▶ [Your instructions] What is needed is an exact copy of the data below, pictures excluded.

▶ [Supplied information]
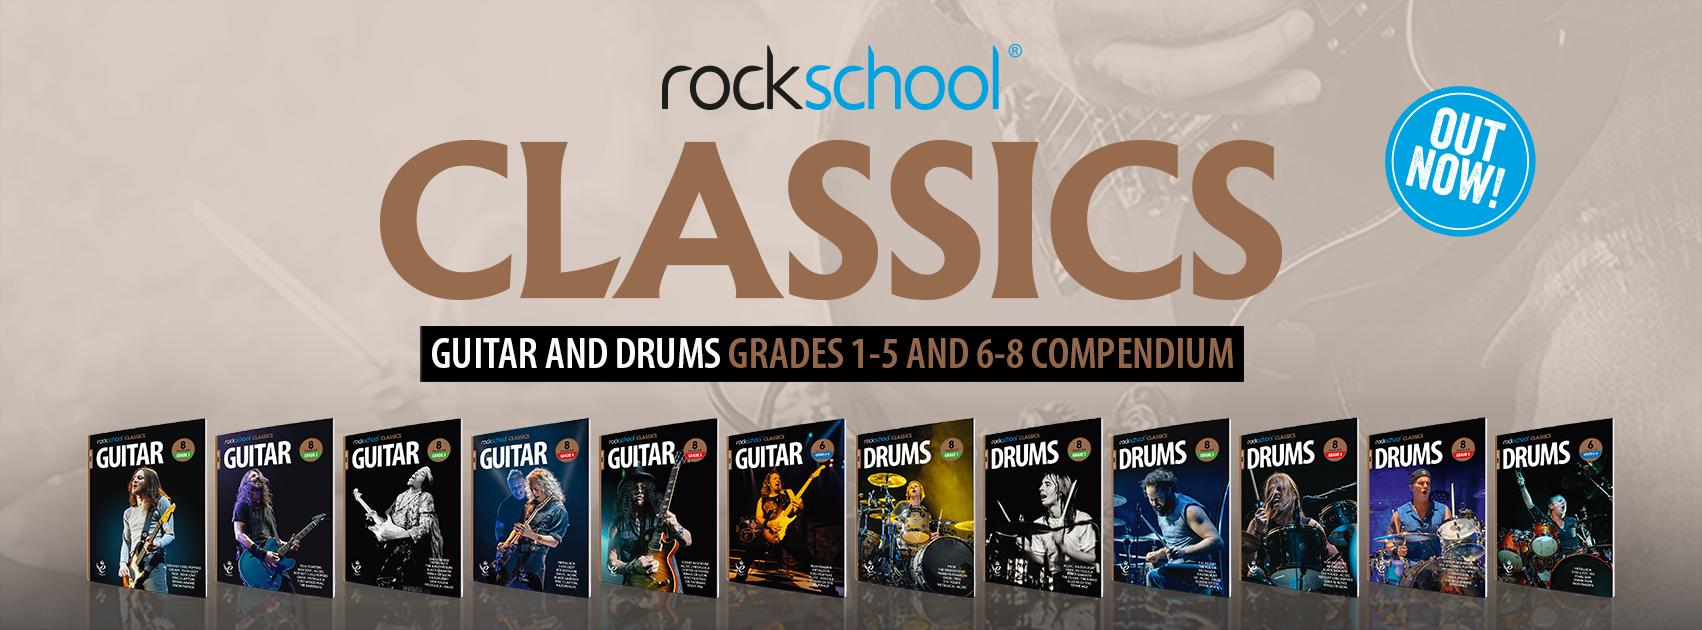 Rockschool Classics
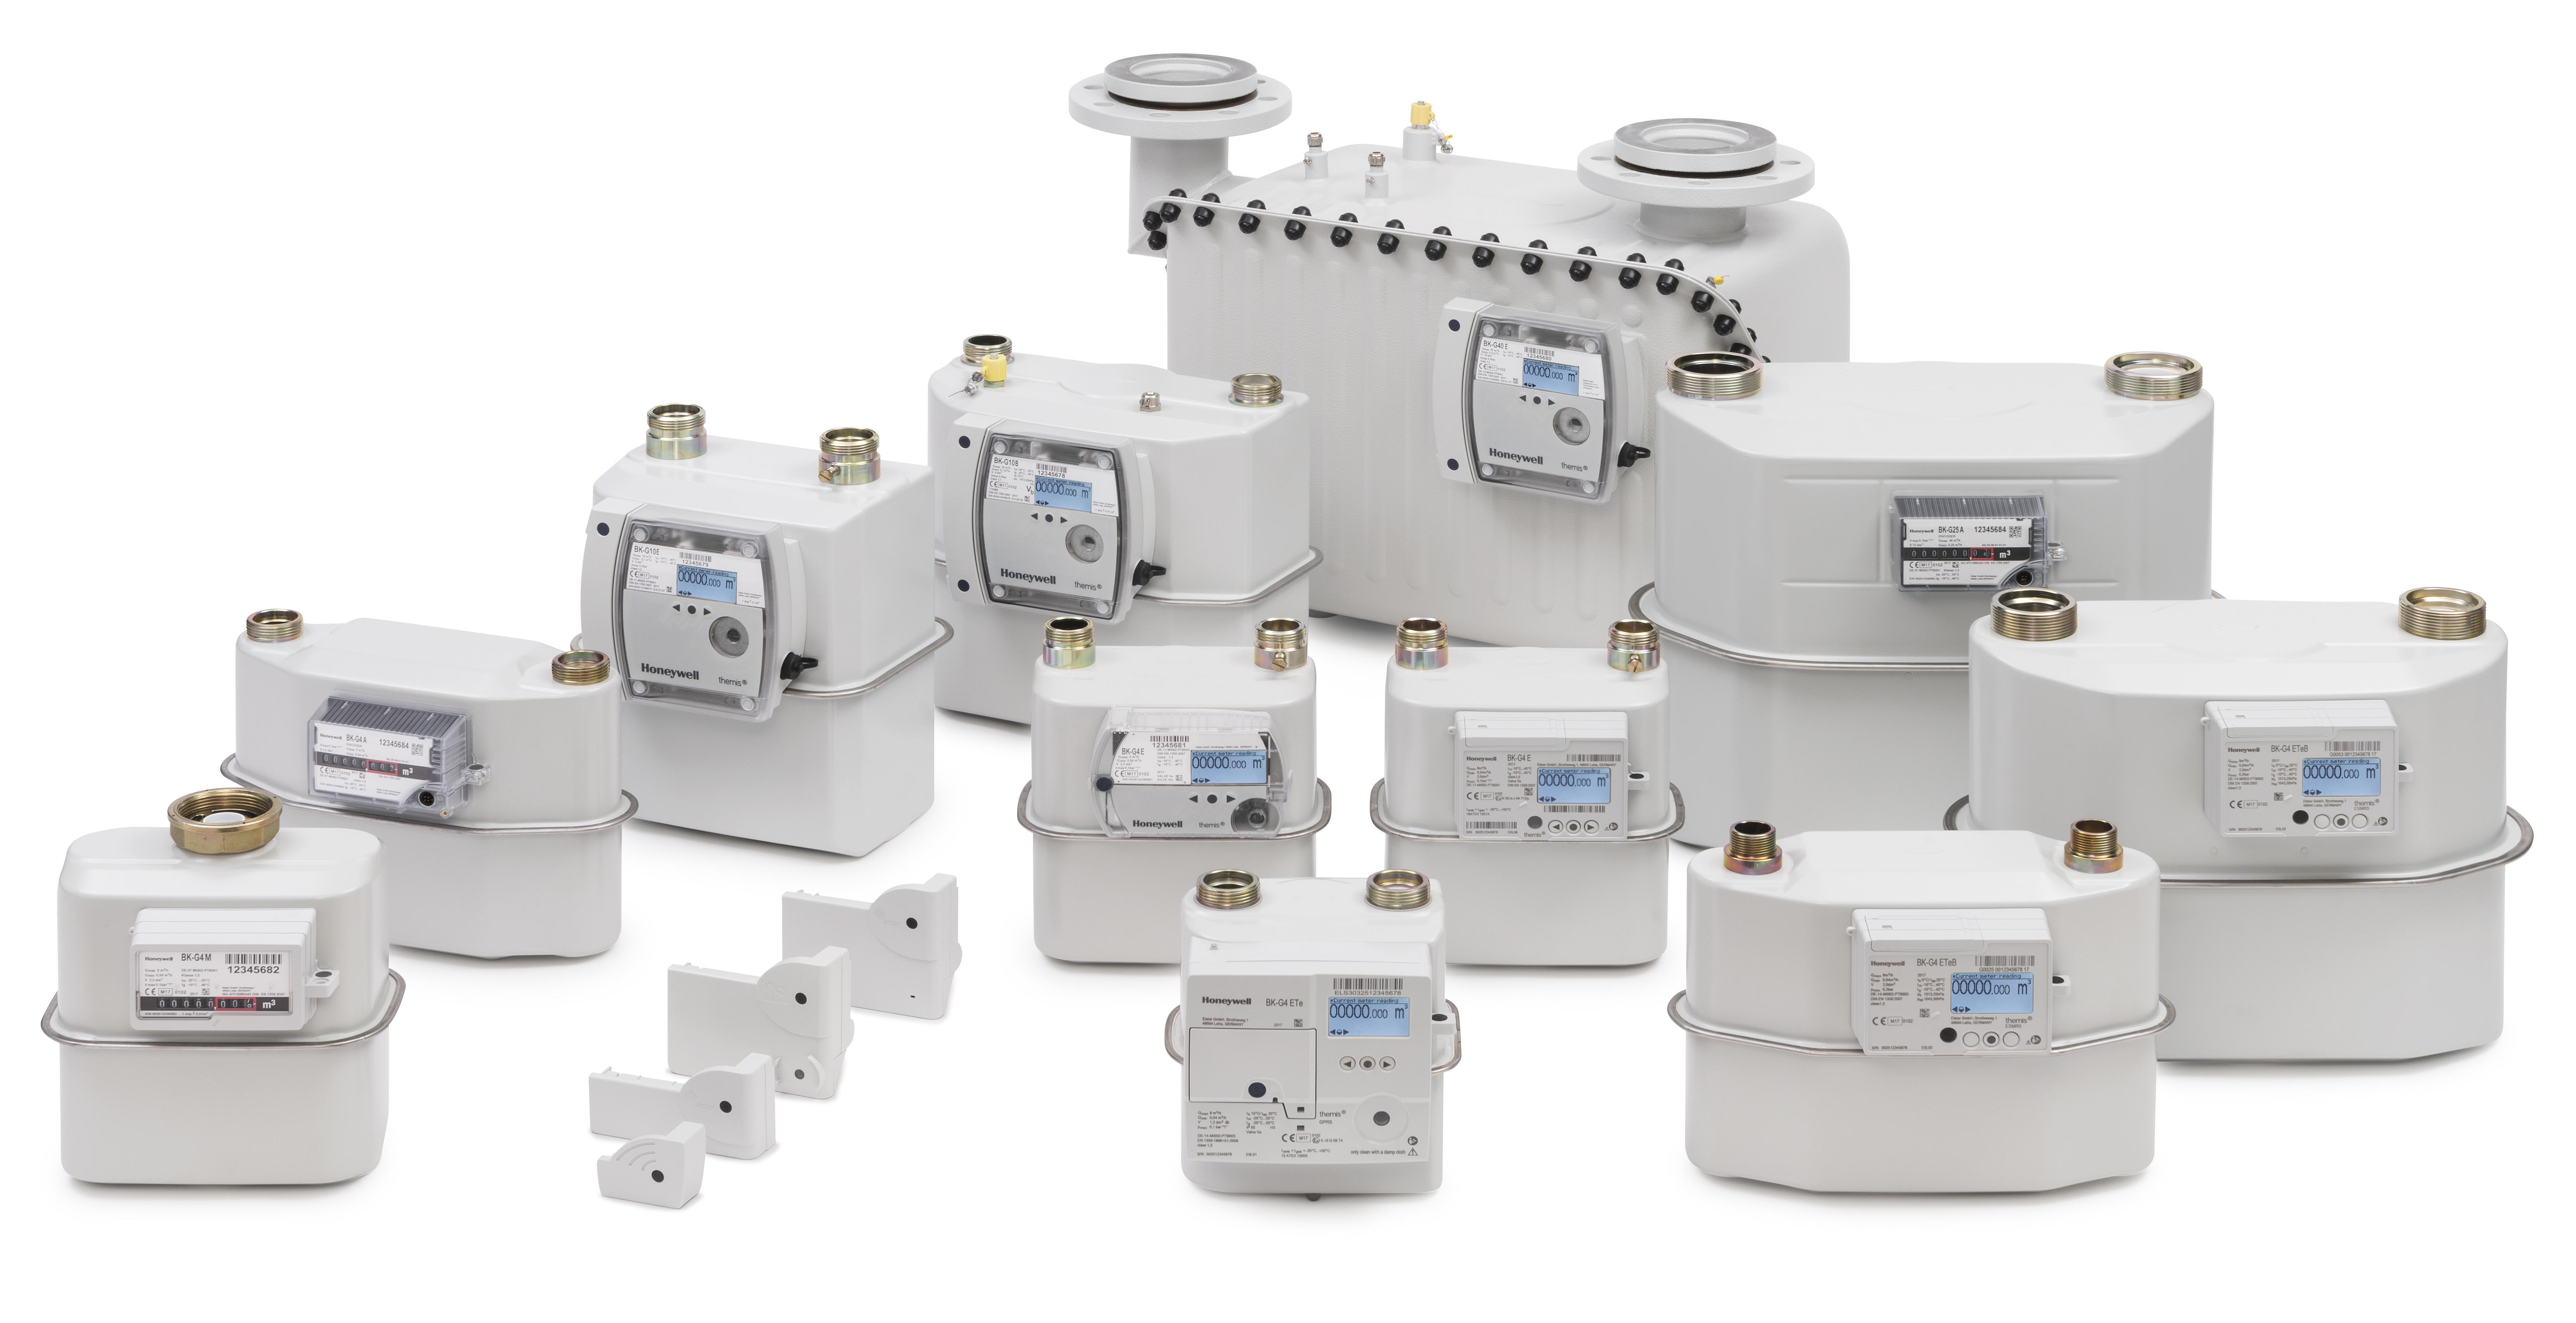 Smart Meters de membranas Honeywell - Kromschroeder
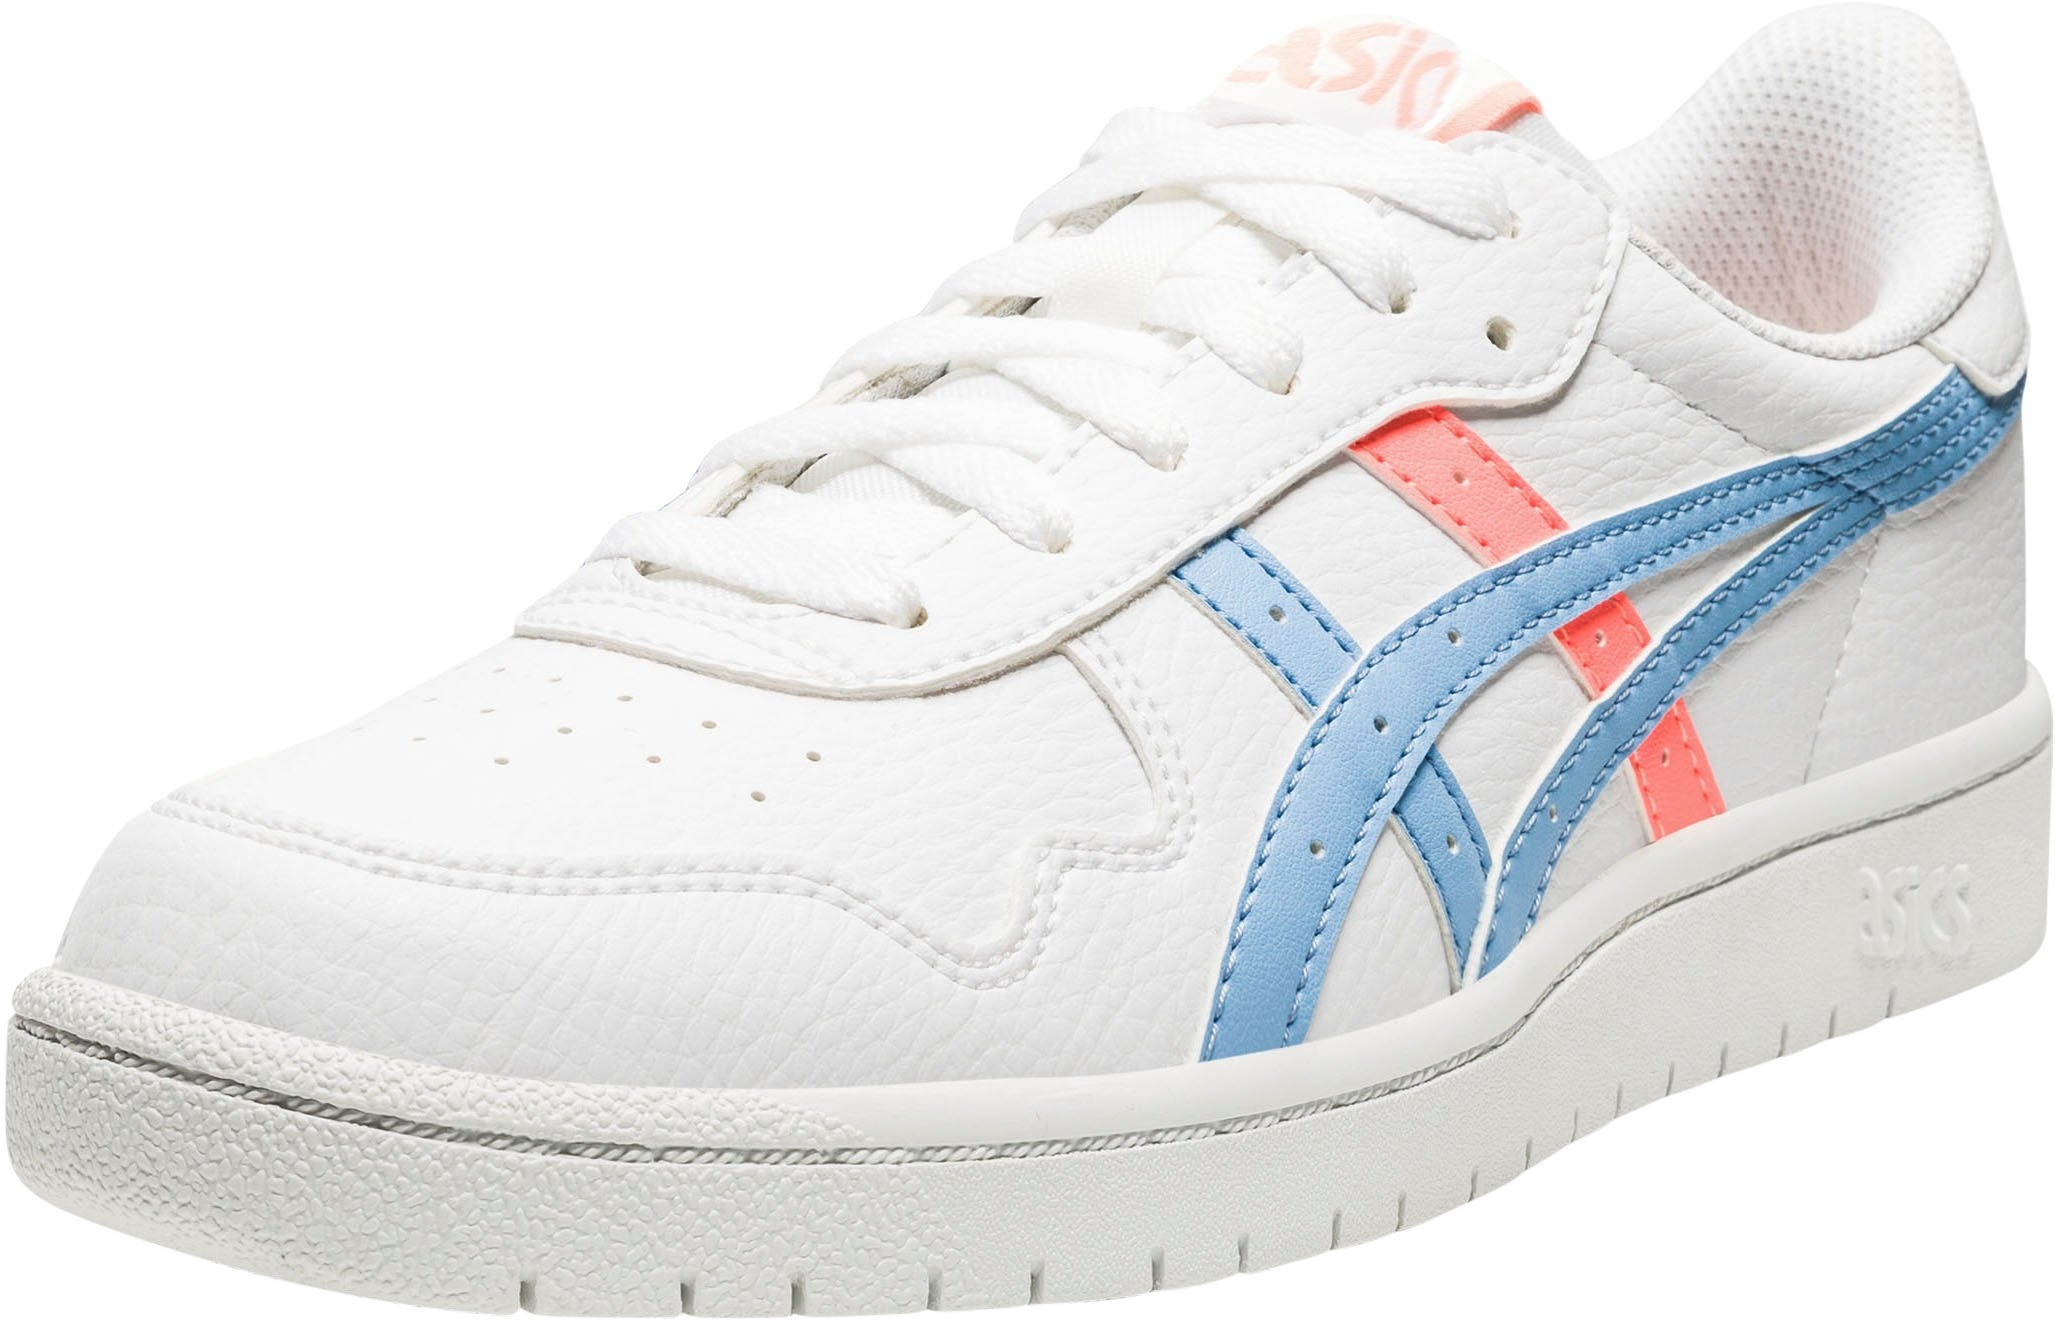 ASICS tiger sneakers JAPAN S - gratis ruilen op otto.nl

▶ [Answer to this exercise]
 Rockschool Classics
 Smart Meters de membranas Honeywell - Kromschroeder
 ASICS tiger sneakers JAPAN S - gratis ruilen op otto.nl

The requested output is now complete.